Live verification record
Latest local verification: 2026-05-09.
| Scope | Command or case | Result | Notes |
|---|---|---|---|
| Claude visual transport | claude-subscription-streaming |
passed | Real Claude CLI stream-json run answered red for generated PNG. |
| Claude multi-image transport | claude-subscription-streaming-multi-image |
passed | Real Claude CLI stream-json run received three generated PNGs and answered red from extracted assistant text. |
| Codex visual transport | codex-native-gpt-5-4-mini |
passed | Real Codex native --image run answered red for generated PNG. |
| Codex multi-image transport | codex-native-gpt-5-4-mini-multi-image |
passed | Real Codex native run received three repeated --image args and answered red from extracted assistant text. |
| OpenCode OpenAI visual transport | opencode-openai-gpt-5-4-mini |
passed | Real OpenCode file attachment run answered red after local OpenCode OpenAI auth was refreshed. |
| OpenRouter Kimi visual transport | opencode-openrouter-kimi-k2-6 |
passed | Real OpenCode file attachment run through OpenRouter answered red for generated PNG. |
| OpenRouter Kimi multi-image transport | opencode-openrouter-kimi-k2-6-multi-image |
passed | Real OpenCode file attachment run through OpenRouter received three generated PNGs and answered red from extracted assistant text. |
| OpenRouter GLM vision transport | opencode-openrouter-glm-4-5v |
passed | Real OpenCode file attachment run through OpenRouter answered red for generated PNG. |
| OpenRouter GLM non-vision guard | opencode-openrouter-glm-5-1-negative |
passed as guard | Model responded that it cannot process images. The app policy blocks this model for image attachments before app delivery. |
| CLI process launch | scripts/prove-agent-cli-launch.mjs |
passed | Real opencode, codex, and claude binaries launched through execCli and spawnCli. |
| OpenCode team provisioning | scripts/prove-opencode-team-provisioning.mjs with OPENCODE_E2E_MODEL=openai/gpt-5.4-mini |
passed | Real pure OpenCode team created through TeamProvisioningService, live members verified, then stopped. |
| Mixed Anthropic + Codex + OpenCode team launch | MixedProviderTeamLaunch.live.test.ts |
passed | Real mixed team launch passed with Claude subscription auth, Codex subscription auth, and OpenCode. |
--all can return non-zero when local provider auth is invalidated. Treat the per-case rows above as the release signal when debugging local credential issues.
Release checklist
- Text-only messages still work for Claude, Codex, and OpenCode.

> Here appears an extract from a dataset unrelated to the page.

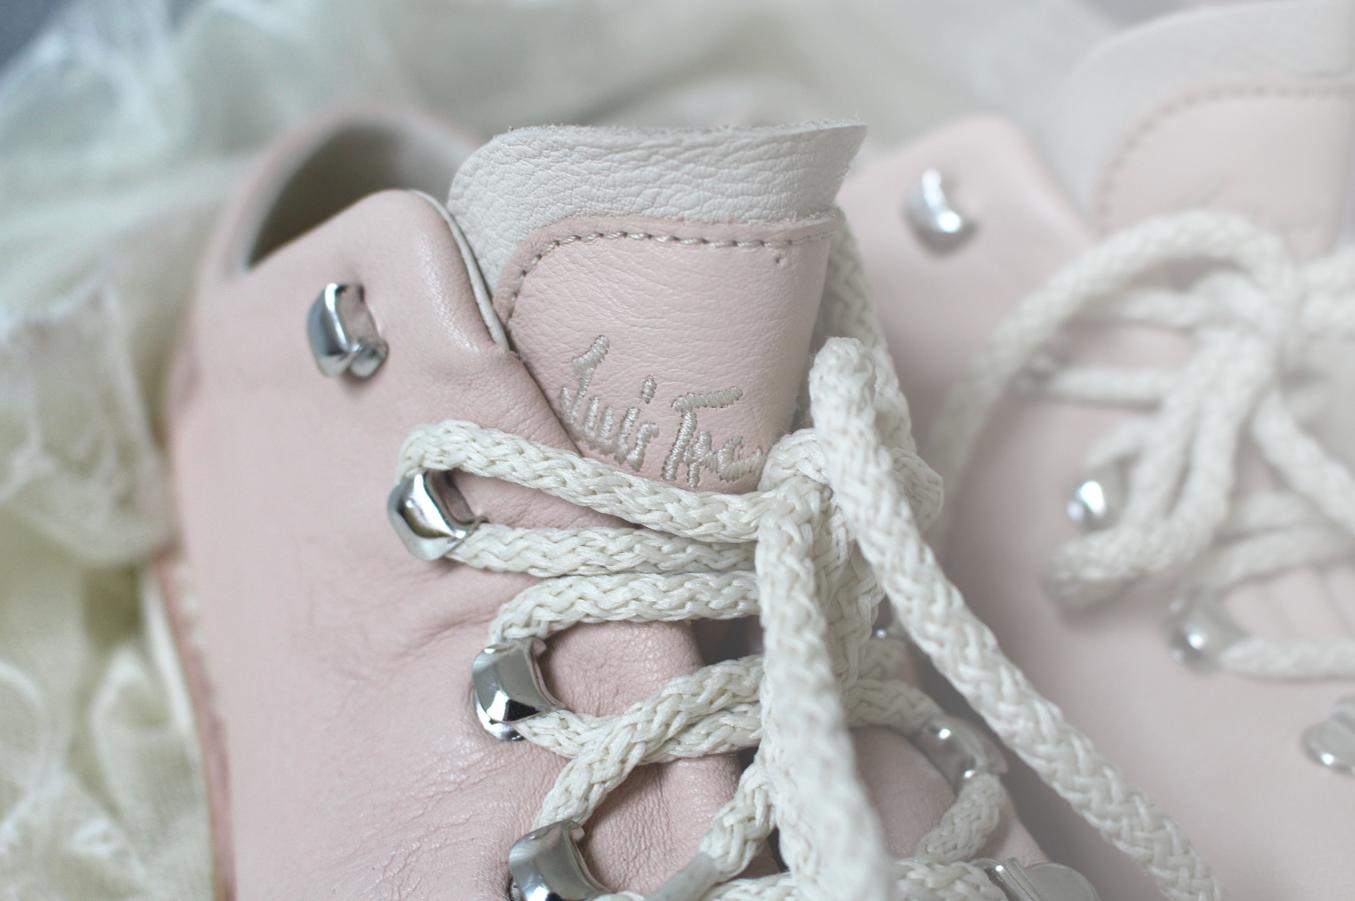 maybeyoulike_wedding_shoes_4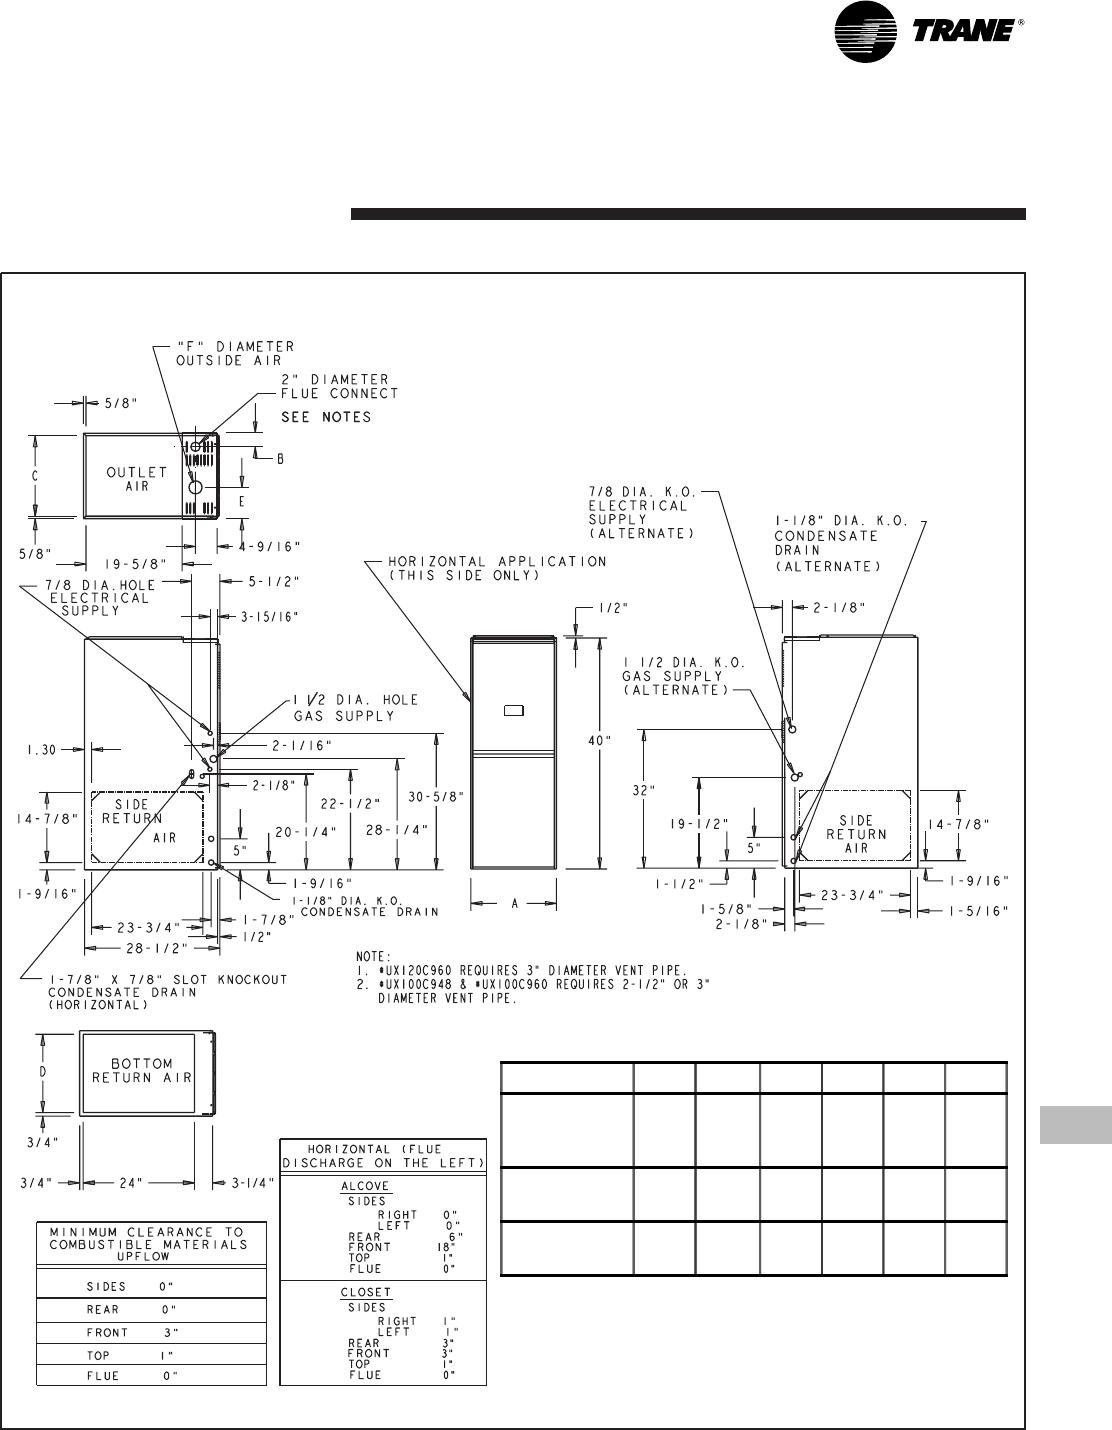 trane series e centravac 2002 chevrolet tahoe stereo wiring diagram xr 90 owners manual manualslib makes it easy

- Oversized images fail before provider delivery.
- Claude image send uses structured image blocks.
- Claude text/PDF file send uses structured document blocks.
- Codex image send uses
--image, not prompt base64. - Codex non-image files fail before provider delivery.
- OpenCode image send is blocked for unknown/non-vision models.
- OpenCode non-image files fail before provider delivery.
- Attachment retry reuses the same artifacts or fails loudly.
- Copied diagnostics do not include base64 or data URLs.